He went on with his work for about an hour, and then tied the papers in a
bundle with an impatient air.

"Arithmetic is no use in such a case as mine," he said; "no man can make
fifty pounds pay a hundred. I suppose it must end in the bankruptcy court.
It will be only our last humiliation, the culminating disgrace."

"The bankruptcy court! O, papa!" cried Clarissa piteously. She had a very
vague idea as to what bankruptcy meant, but felt that it was something
unutterably shameful--the next thing to a criminal offence.

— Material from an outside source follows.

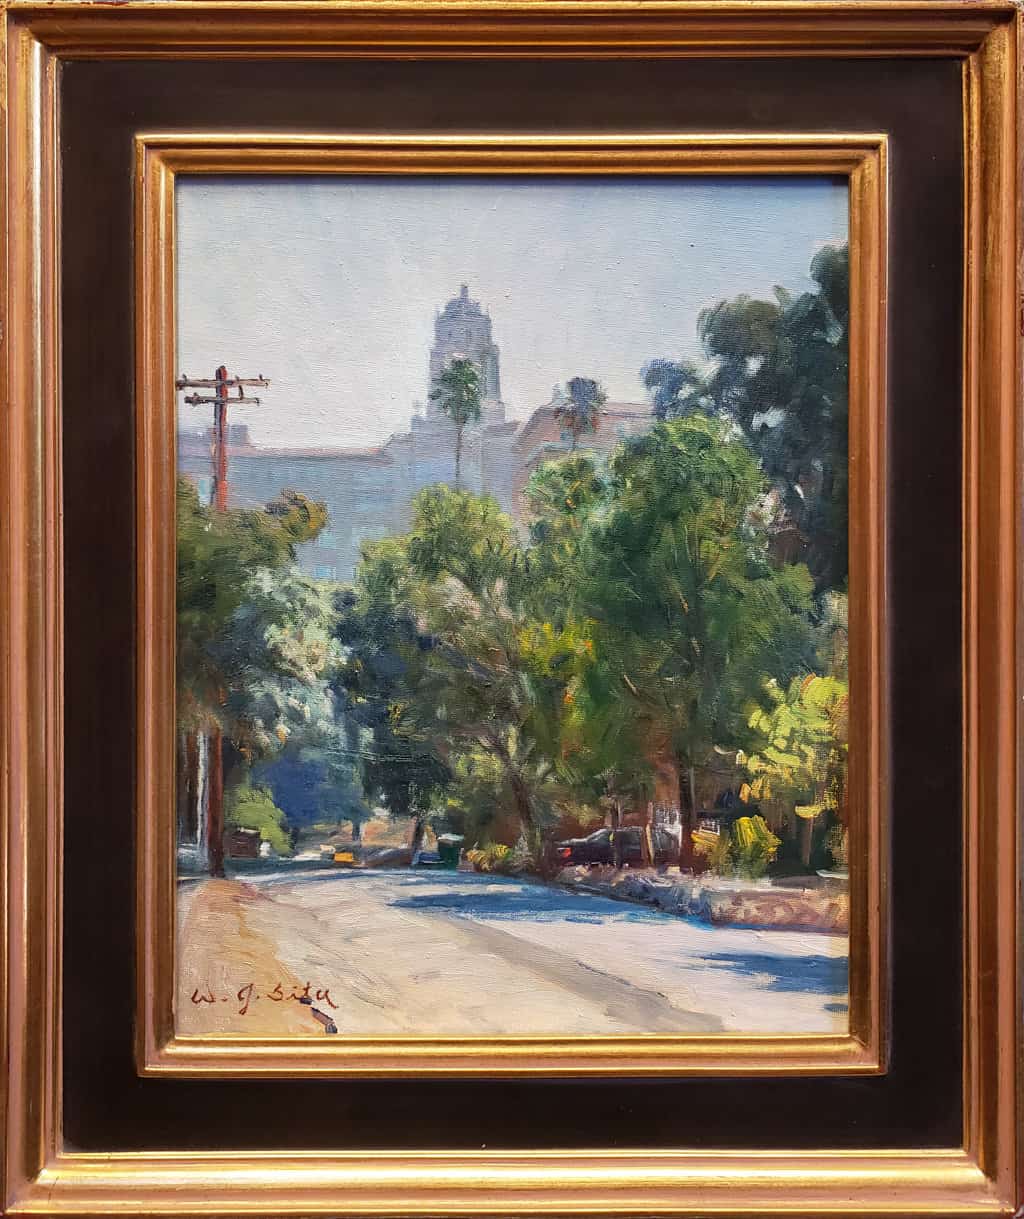 American Legacy Fine Arts presents "Pasadena Atmosphere" a painting by W Jason Situ.

"Better men than I have gone through it," Mr. Lovel went on with a sigh,
and without the faintest notice of his daughter's dismay; "but I couldn't
stand Arden and Holborough after that degradation. I must go abroad, to
some dull old town in the south of France, where I could have my books and
decent wine, and where, as regards everything else, I should be in a living
grave.

"But they would never make you bankrupt surely, papa;" Clarissa exclaimed
in the same piteous tone.

"_They_ would never make me bankrupt!" echoed her father fretfully. "What
do you mean by _they_? You talk like a baby, Clarissa. Do you suppose that
tradesmen and bankers and bill-discounters would have more mercy upon me
than upon other people? They may give me more time than they would give
another man, perhaps, because they know I have some pride of race, and
would coin my heart's blood rather than adopt expedients that other men
make light of; but when they know there is no more to be got out of me,
they will do their worst. It is only a question of time."

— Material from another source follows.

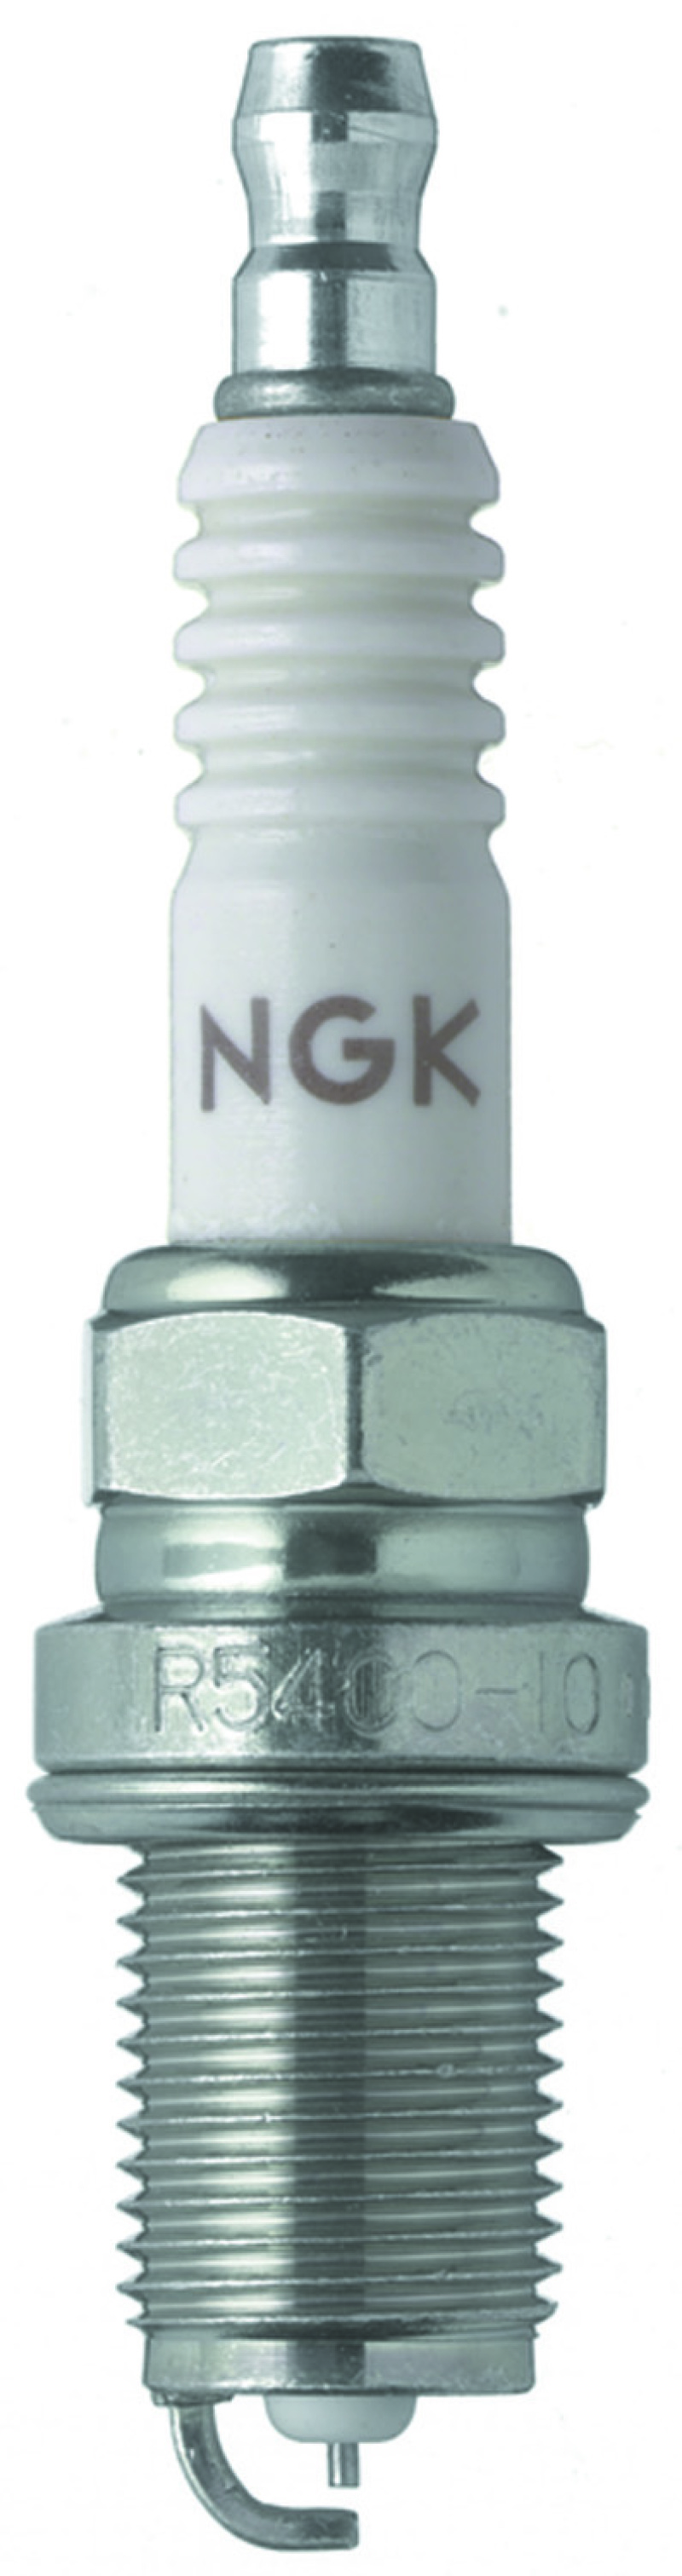 NGK Iridium Racing Spark Plug Box of 4 (R7435-10) - 4897

"Are you very much in debt, papa?" Clarissa asked timidly, anticipating a
rebuff.

"No; that is the most confounded part of the business. My liabilities only
amount to a few pitiful hundreds. When I sold Arden--and I did not do that
till I was obliged, you may believe--the bulk of the purchase-money went to
the mortgagees. With the residue--a paltry sum--I bought myself an annuity;
a transaction which I was able to conclude upon better terms than most men
of my age, on account of my precarious health, and to which I was most
strongly urged by my legal advisers. On this I have existed, or tried to
exist, ever since: but the income has not been sufficient even for the
maintenance of this narrow household; if I lived in a garret, I must live
like a gentleman, and should be always at the mercy of my servants.
These are honest enough, I daresay, but I have no power of checking my
expenditure. And then I had your schooling to pay for--no small amount, I
assure you."

"Thank heaven that is over, papa! And now, if you would only let me go out
as a governess, I might be some help to you instead of a burden."

"There's time enough to think of that. You are not much of a burden to me
at present. I don't suppose you add many pounds a year to the expenses of
this house. And if I have to face the inevitable, and see my name in the
_Gazette_, we must begin life again upon a smaller scale, and in a cheaper
place--some out-of-the-way corner of France or Belgium. The governess
notion will keep till I am dead. You can always be of some use to me as a
companion, if you choose."

This was quite a concession. Clarissa came over to her father's chair, and
laid her hand caressingly upon his shoulder.

"My dear father," she said in a low sweet voice, "you make me almost happy,
in spite of our troubles. I wish for nothing better than to stay with you
always. And by-and-by, if we have to live abroad, where you need not be so
particular about our name, I may be able to help you a little--by means of
art or music--without leaving home. I think I could be happy anywhere with
you, papa, if you would only love me a little."

That appeal touched a heart not easily moved. Marmaduke Lovel put
his hand--such a slender feminine hand--into his daughter's with an
affectionate pressure.

"Poor child!" he said sadly. "It would be hard if I couldn't love you a
little. But you were born under an evil star, Clarissa; and hitherto
perhaps I have tried to shut my heart against you. I won't do that any
more. Whatever affection is in me to give shall be yours. God knows I have
no reason to withhold it, nor any other creature on this earth on whom to
bestow it. God knows it is a new thing for me to have my love sued for."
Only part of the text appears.